MINNEAPOLIS, March 27 /PRNewswire-FirstCall/ -- Milastar Corporation (BULLETIN BOARD: MILAA) announced today that it has signed a definitive Agreement and Plan of Merger with Easton Southpaw Incorporated, a Delaware corporation ("ESI"), and Milastar Acquisition Corporation, a Delaware corporation and wholly owned subsidiary of ESI ("Acquisition Corp."), dated as of March 27, 2007. ESI is a corporation owned by Dennis J. Stevermer, Milastar's Chief Executive Officer, Chairman of its Board of Directors and the beneficial owner of approximately 68% of Milastar's issued and outstanding common stock. Under the terms of the merger agreement and subject to satisfaction or waiver of the conditions therein, ESI will acquire, through the merger of Acquisition Corp. with and into Milastar, all of the outstanding common stock of Milastar. As a result of the merger, Milastar will become a wholly owned subsidiary of ESI.
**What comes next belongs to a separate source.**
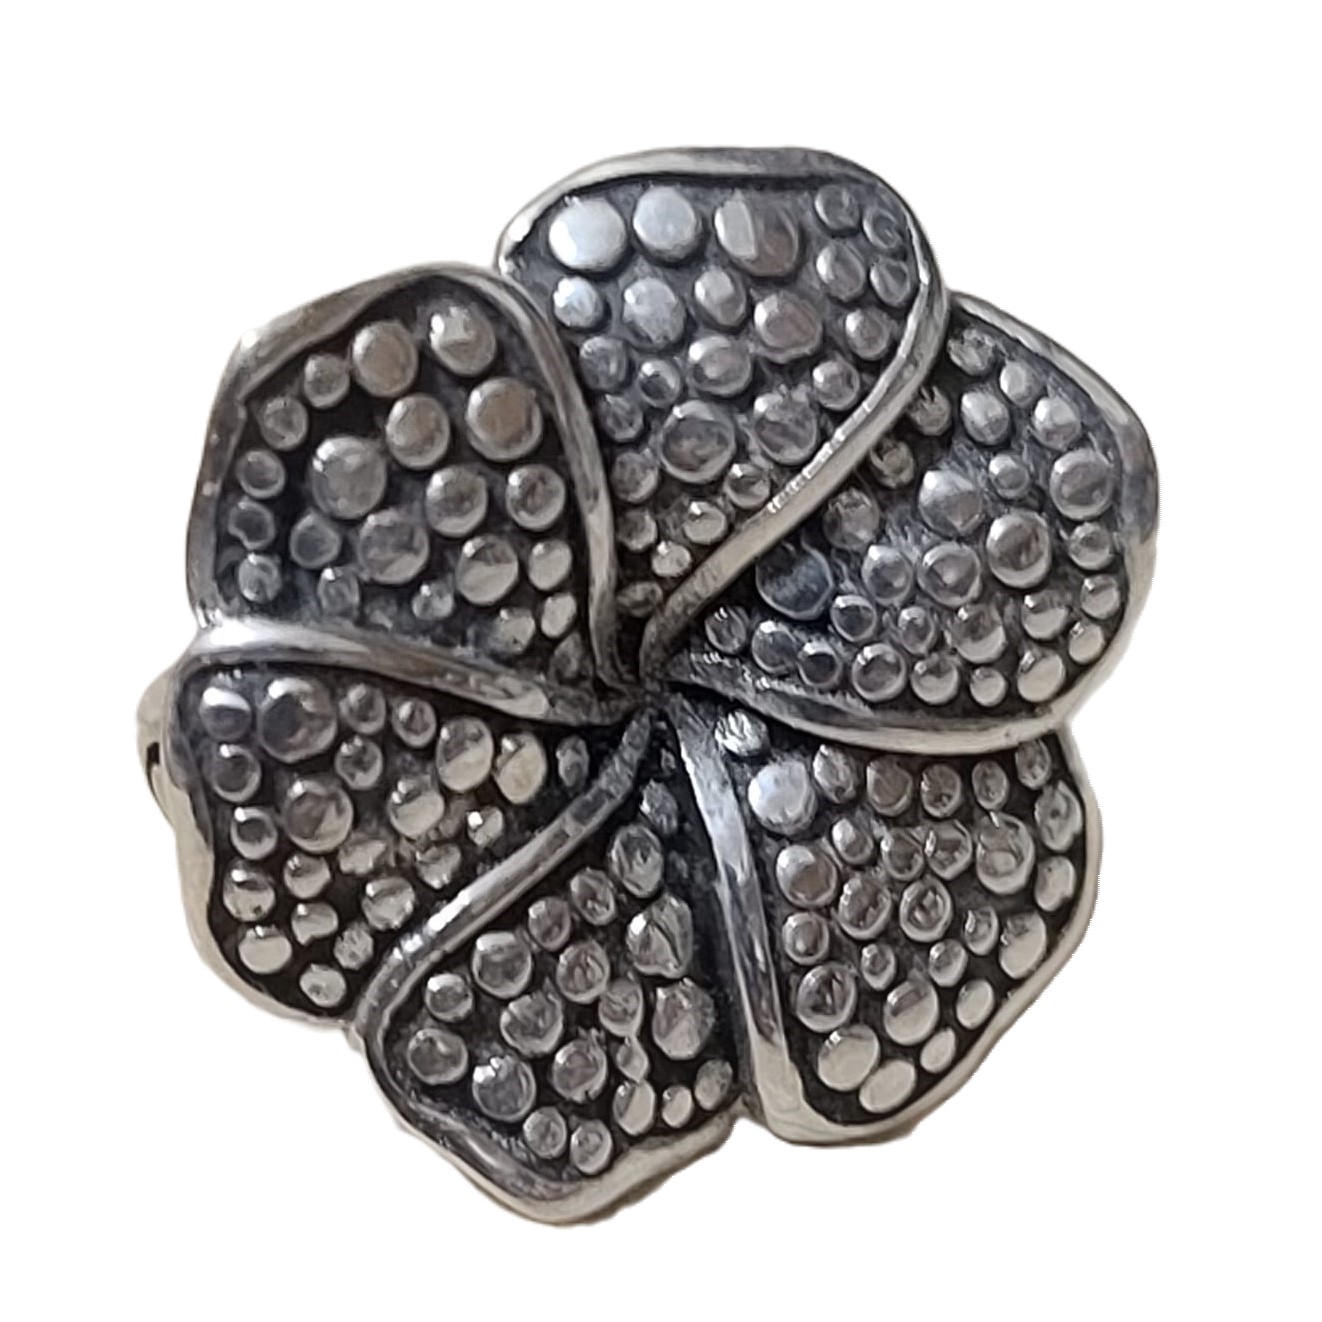 Flower Sterling Silver Ring Size 7

At the effective time of the merger, each outstanding share of Milastar common stock, other than any shares owned by ESI, Mr. Stevermer or any stockholders who properly exercise appraisal rights under Delaware law, will be cancelled and converted into the right to receive a payment of $2.70 per share in cash, without interest (the "merger consideration").

On February 1, 2007, Milastar's Board of Directors received an opinion from Schmidt Financial, Inc., a business valuation firm that is regularly engaged in the evaluation of businesses and their securities in connection with mergers, acquisitions and various shareholder matters, stating that as of the date of the opinion, the merger consideration was fair, from a financial point of view, to the unaffiliated stockholders of Milastar.

The transaction, which has been approved by the Board of Directors of Milastar, is subject to customary closing conditions. In addition to approval of the merger agreement by Milastar's stockholders as required under Delaware law, consummation of the merger is conditioned upon the affirmative vote of a majority of the votes cast, in person or by proxy, by the Milastar stockholders entitled to vote at the special meeting of stockholders (other than Mr. Stevermer and ESI), to be called for the purposes of approving the merger agreement and the merger.


Important Additional Information Regarding when the Merger will be Filed with the SEC:

Concurrently with this press release, Milastar intends to file a preliminary proxy statement on Schedule 14A with the Securities and Exchange Commission (the "SEC"), and Milastar, ESI, Acquisition Corp. and Mr. Stevermer also intend to file a transaction statement on Schedule 13E-3 with the SEC relating to the merger (which shall be in the form of the second amendment to the Schedule 13E-3 transaction statement that was originally filed with the SEC on June 1, 2006). STOCKHOLDERS ARE ADVISED TO READ THE PROXY STATEMENT WHEN IT BECOMES AVAILABLE BECAUSE IT WILL CONTAIN IMPORTANT INFORMATION ABOUT THE MERGER AND THE PARTIES TO THE MERGER. Stockholders and investors may obtain a free copy of the proxy statement, the transaction statement on Schedule 13E-3 and other relevant documents filed with the SEC from the SEC's website at http://www.sec.gov/ . Milastar's stockholders will also be able to obtain, without charge, a copy of the proxy statement and other relevant documents by directing a request by mail or telephone to Investor Relations, Milastar Corporation, at 7313 West Lake Street, Minneapolis, Minnesota 55426, telephone number (952) 929-4774.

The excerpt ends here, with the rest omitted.